After a few conversations about what a data engineer is these days, I’ve found that there isn’t a shared understanding of the role. I also noticed the majority of the data engineers I spoke to were experienced software engineers.
Based on this, I decided to create a blog post series that consists of interviews with our data engineers. I believe this will help to demystify data engineering, and it might encourage more software engineers to become one.
This week the interview is with Austin Poulton.
What is data engineering for you and how does it overlap with software engineering?
They are really the same fundamental discipline in my view. The principles of functional decomposition, repeatability, testing, observability and monitoring, apply to both software and data engineering. Data engineering is a specialisation where practitioners are often fluent in large data processing technologies, patterns and architectures over and above good software engineering practices. Data engineering is maturing to embody well established software engineering practises. It’s not merely about wrangling data for ad-hoc analysis.
How did you get involved in data engineering?
In the early days of my career I worked on pricing and provisioning analysis for telco networks. We relied on lots of training data and simulating synthetic data. The need to have reproducible transformation pipelines even in analytical settings was essential. Later, my experience of trade processing for a risk engine at an investment bank honed concepts of stream processing, eventual consistency, denormalised representations, data provenance (lineage) and so on. I’ve always been deeply interested in how data is structured and modelled for analytical and decision-making applications.

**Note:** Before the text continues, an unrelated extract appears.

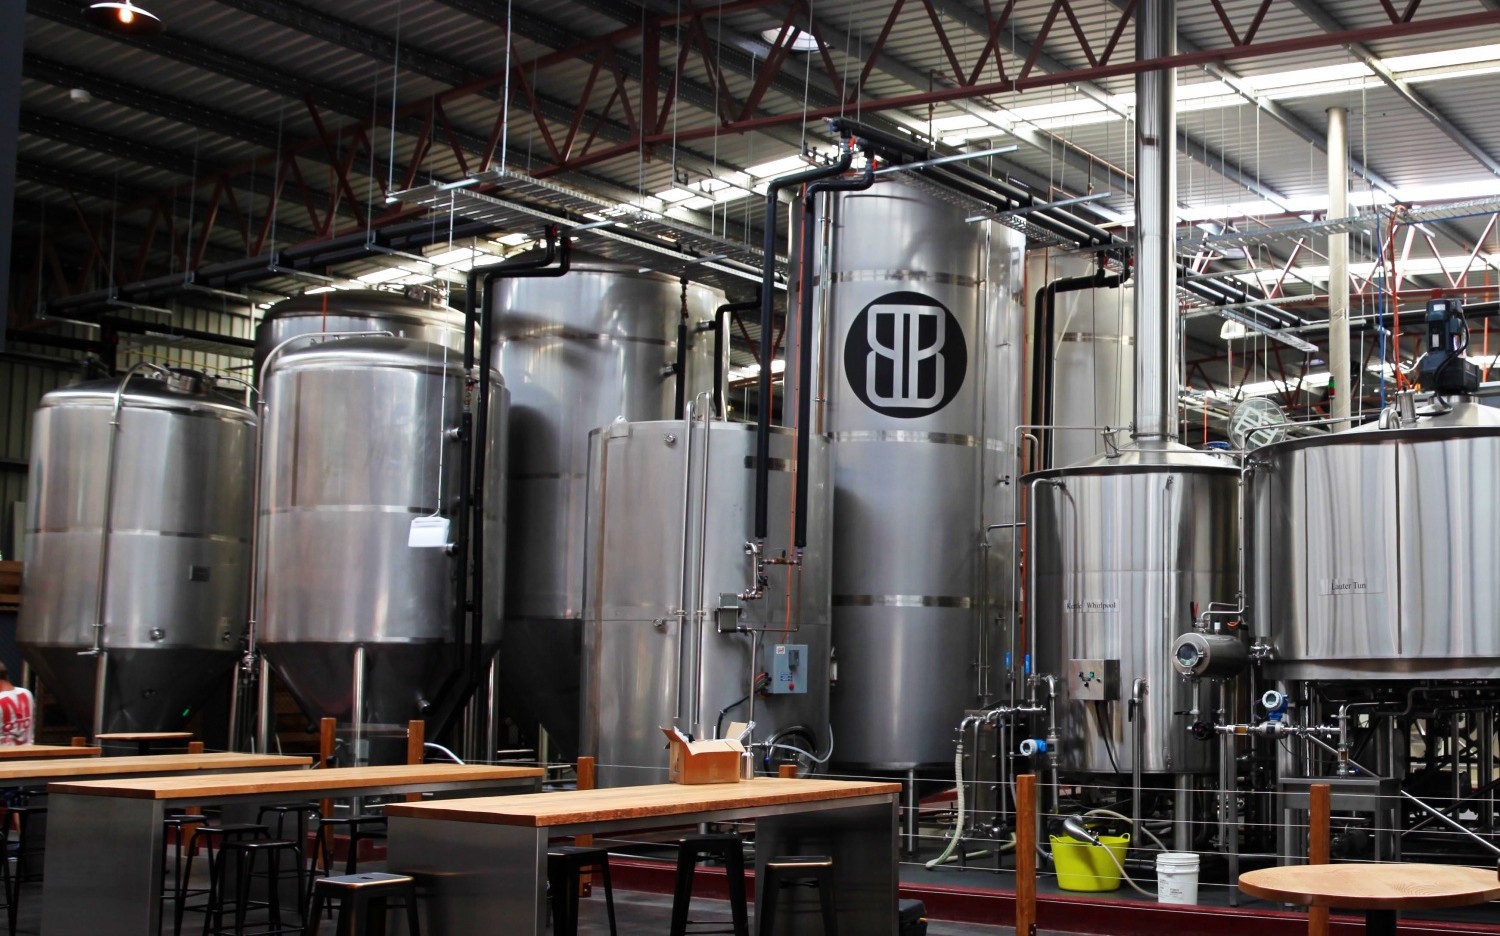 Burleigh Brewing Co

What are the skills a data engineer must have that a software engineer usually doesn’t have?
Data engineers need to be more deeply aware of how data should be organised for analytical and transformation workloads. Understanding how large datasets should be partitioned so that compute clusters can accurately and efficiently transform the data is critical.
SQL fluency is essential, it is the lingua franca not only of relational databases but big-data technologies too.
Data quality is a massive concern for data-driven products. Understanding and working with tools that identify data issues, not only at the individual level but also for distributions over time is really valuable.
What data trends are you keeping an eye on?
The data science and engineering space is evolving continuously. That said, there are mature approaches emerging from the fermet. Data mesh architecture aligns well with building data products and domain driven design/organisation as opposed to an analytics lake or platform. ML Ops tooling and patterns are crystallising such that models have a ready and repeatable path to production and not consigned to static analysis in notebooks.
On the AI front, lots of interesting things are happening with natural language processing, such as the advent of GPT3. We are generating so much data that there is a world of opportunity in using AI tooling for structuring, tagging and linking semi and unstructured data.
Do you have any recommendations for software engineers who want to be data engineers?
Transition is easier than you think and it’s a really interesting specialisation! If you haven’t, I suggest that you read Martin Kleppmann’s Designing Data Intensive Applications, as it distills many of the problems and approaches you will likely encounter in your data engineering journey.